The envisaged completion of the BBL pipeline by late 2006 coincides with the start of the long-term contract that Gasunie´s subsidiary Gasunie Trade & Supply signed with with British Centrica. The Dutch supplier will deliver 8 billion cubic metres (Gm3) over a ten year period under this contract. The planned pipeline´s total capacity, which a spokesman for Gasunie estimated at around 16 Gm³, will comply with the total number of capacity requests that shippers brought forward during a lengthy open season period. For the time being, Ruhrgas, German Wingas and Gasunie will be the sole users of export capacity in the 36 inch pipeline, according to the Gasunie spokesman. It is open whether there will be spare capacity that could be sold to other parties after completion. Wingas confirmed that it booked “notable amounts” of capacity to diversify its deliveries to UK customers amid plans to “substantially increase” its activities on the UK market. Unlike its domestic rival Ruhrgas and Fluxys however, the Wintershall/Gazprom joint venture was not invited to join the project as a shareholder. “Fluxys and Ruhrgas were earlier in coming to conclusions,” the Gasunie spokesman explained, emphasising that every party was initially given the opportunity to join. With the other potential investors expressing stronger interest, project leader Gasunie apparently concluded that it is enough to have three parties on board.
The Interconnector pipeline, by contrast, is operated by eleven co-owners. Neither Wingas nor Gasunie´s potential partner Ruhrgas would comment on the extent of their capacity interests. The latter, which is currently in talks with its British sister company Powergen over a ten year delivery contract starting in October, already owns a 10% share in the Interconnector through its affiliate Ruhrgas UK Exploration & Production. Ruhrgas is understood to have bought capacity for the first phase of the Interconnector upgrade – which will bring the total reverse flow capacity from currently 8.50 Gm³ to 16.50 Gm³ by late 2005.
Future majority shareholder Gasunie emphasised that the prospect of enjoying exemption from EU regulations governing the transit business was one decisive factor for its decision to kickstart the BBL project as it enhanced the certainty of return on investment. Its confidence in obtaining exemption from regulated tariffs and regulated third party grid access conditions got a boost after the national energy regulators of the UK (Ofgem) and the Netherlands (Dte) “announced their intention to grant that exemption” and the EU Commission stated its opinion on the regulators´ approach.

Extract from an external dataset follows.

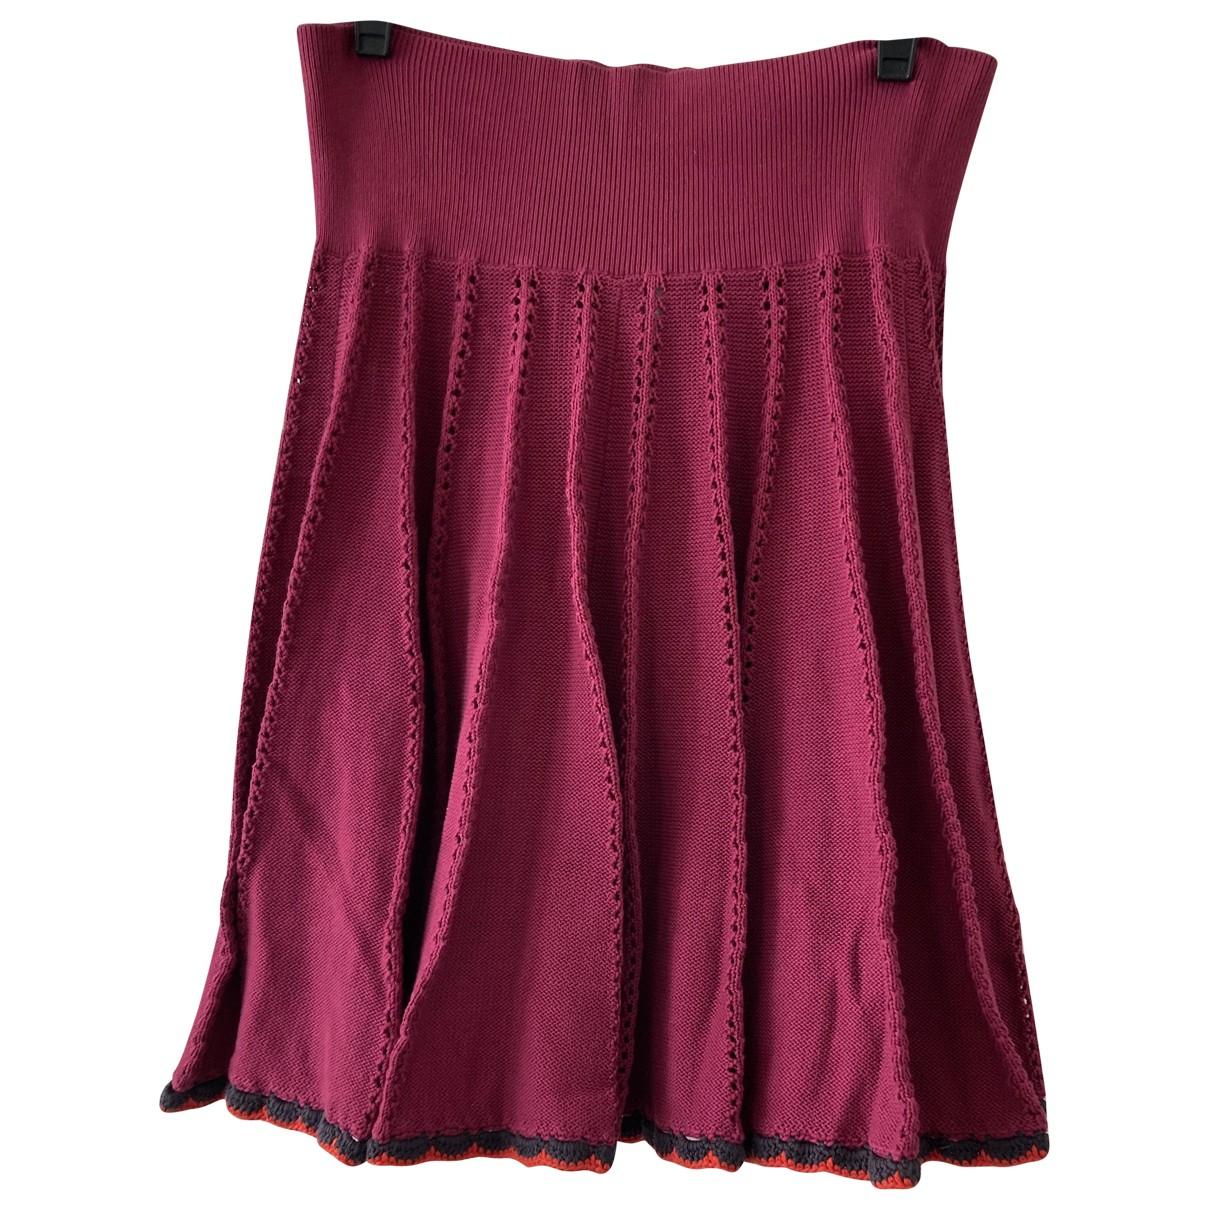 Sonia By Sonia Rykiel - Jupe   pour femme en coton - rose

The BBL project will involve the building of a compressor station in the province of Noord-Holland, a short section of an onshore pipeline, the crossing of the coastal sand dunes in the Netherlands (about 5 km), 230 km of offshore pipeline across the North Sea as well as the construction of landfall and receiving facilities at Bacton. Additional investments essential to link the Dutch transmission grid with the BBL entry point at the Dutch shoreline will be carried out on Gasunie´s own account.
The Gasunie group is formally the project leader even though the operational management of its transportation business has been spun off to Gastransport Services (GTS) and will be legally separated by as early as July. Ownership of the Dutch grid, however, still rests with the parent group Gasunie. Gasunie´s largest shareholder is Energie Beheer Nederland (40%). Other shareholders are ExxonMobil Holding Company Holland and Shell Nederland (25% each) as well as the Dutch state (10%).